You forgot this one on the same page:
*Exposure to clothianidin seed-treated canola has no long-term impact on honey bees.*

Cutler GC, Scott-Dupree CD.
Source

Department of Environmental Biology, Ontario Agricultural College, University of Guelph, Guelph, Ontario, Canada N1G 2W1. [email protected]
Abstract

We conducted a long-term investigation to ascertain effects on honey bee, Apis mellifera L., colonies during and after exposure to flowering canola, Brassica napus variety Hyola 420, grown from clothianidin-treated seed. Colonies were placed in the middle of 1-ha clothianidin seed-treated or control canola fields for 3 wk during bloom, and thereafter they were moved to a fall apiary. There were four treated and four control fields, and four colonies per field, giving 32 colonies total. Bee mortality, worker longevity, and brood development were regularly assessed in each colony for 130 d from initial exposure to canola. Samples of honey, beeswax, pollen, and nectar were regularly collected for 130 d, and the samples were analyzed for clothianidin residues by using high-performance liquid chromatography with tandem mass spectrometry detection. Overall, no differences in bee mortality, worker longevity, or brood development occurred between control and treatment groups throughout the study. Weight gains of and honey yields from colonies in treated fields were not significantly different from those in control fields.

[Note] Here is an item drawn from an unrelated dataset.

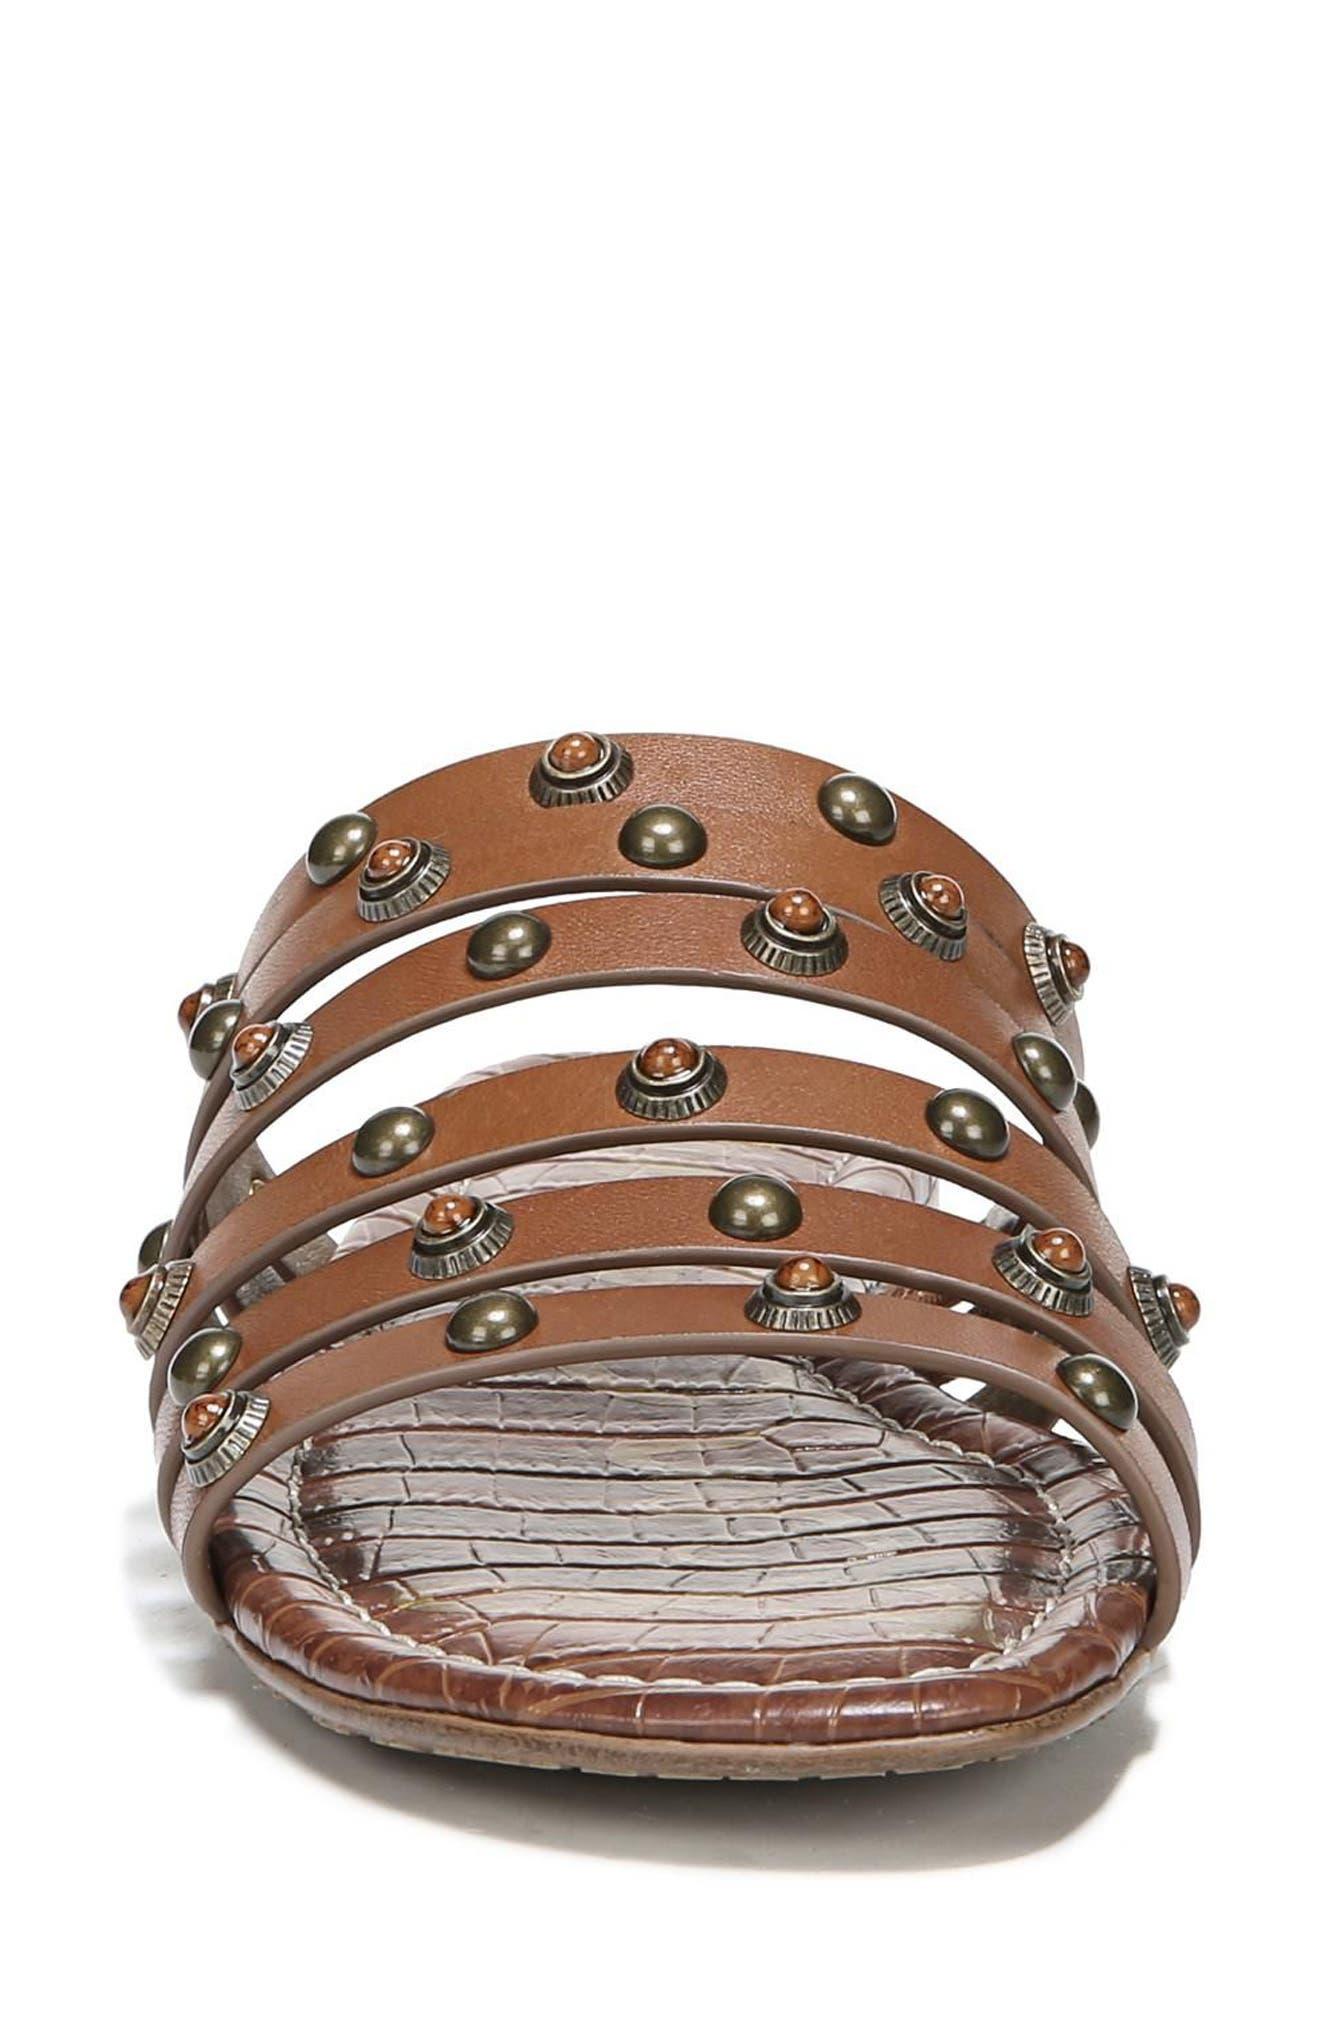 Brea Studded Slide Sandal,                             Alternate thumbnail 4, color,                             Luggage Leather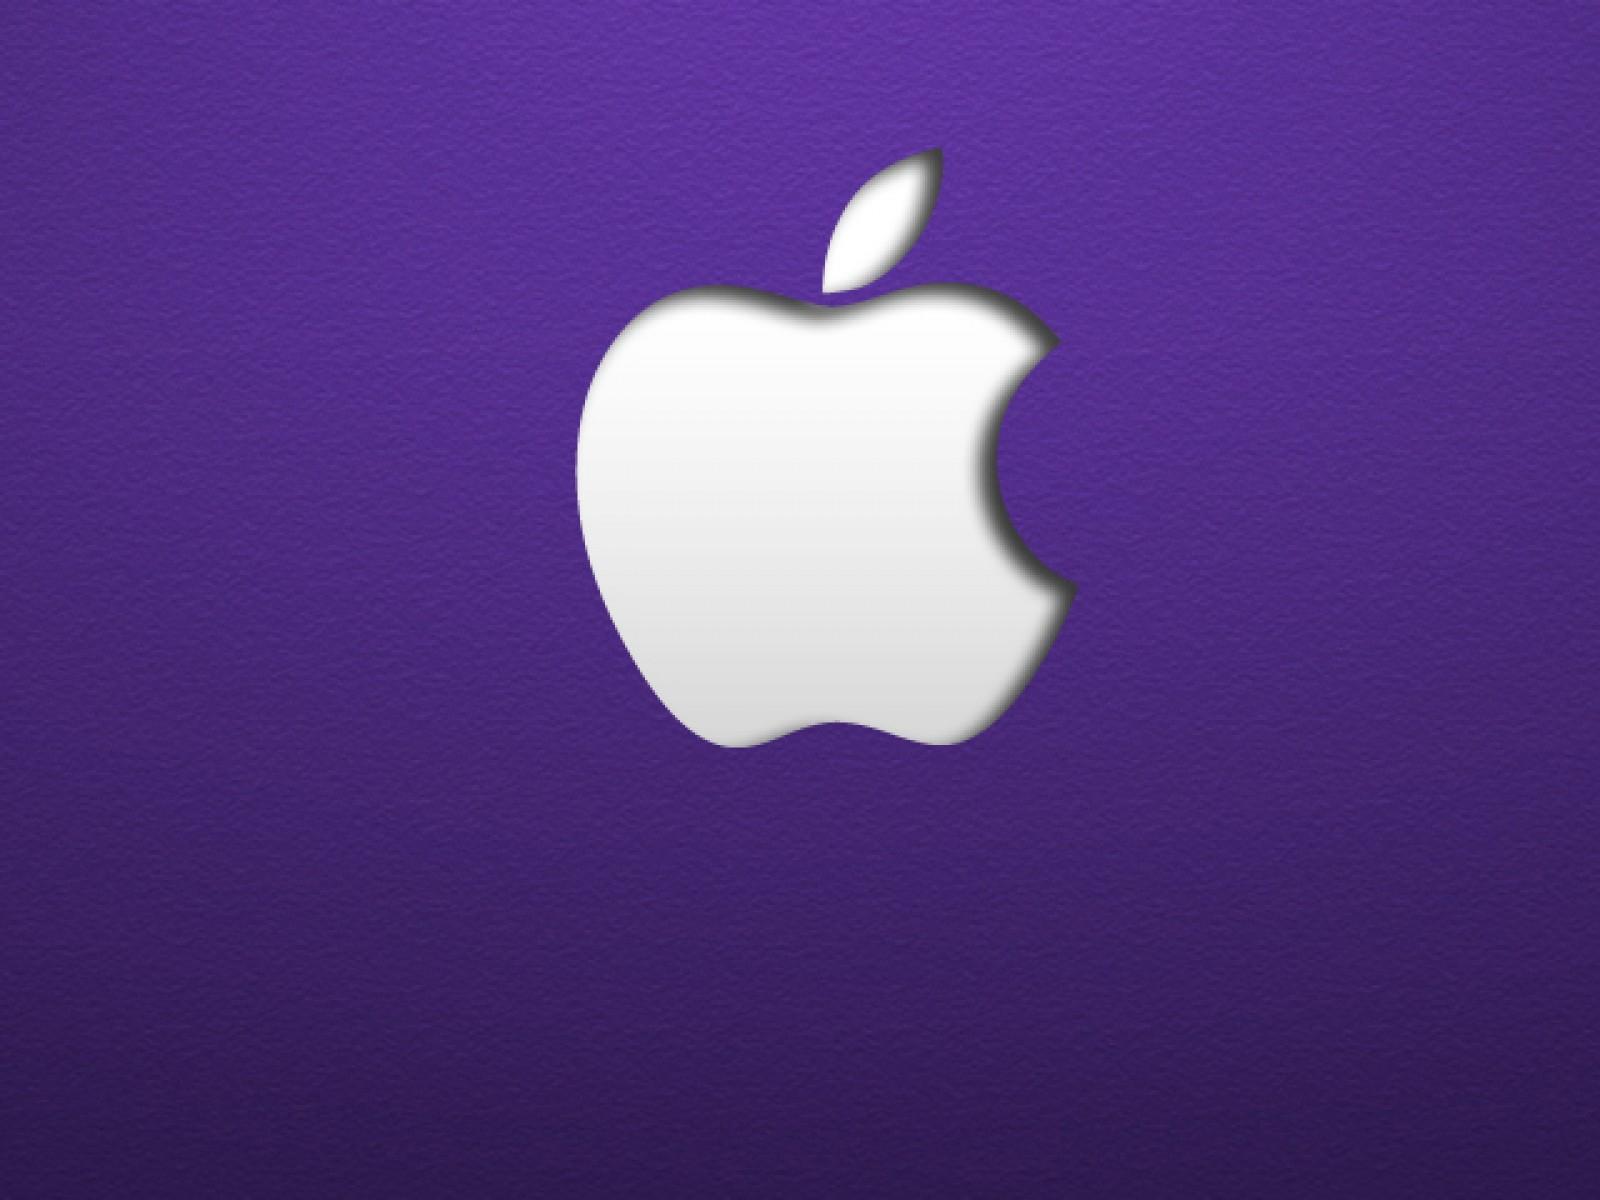 http://4.bp.blogspot.com/-qVcIIjMp_Sc/Twsth0dU-mI/AAAAAAAAByg/Ux2Vopk593s/s1600/apple_iphone_logo+7.jpg

Although clothianidin residues were detected in honey, nectar, and pollen from colonies in clothianidin-treated fields, maximum concentrations detected were 8- to 22-fold below the reported no observable adverse effects concentration. Clothianidin residues were not detected in any beeswax sample. Assessment of overwintered colonies in spring found no differences in those originally exposed to treated or control canola. The results show that honey bee colonies will, in the long-term, be unaffected by exposure to clothianidin seed-treated canola.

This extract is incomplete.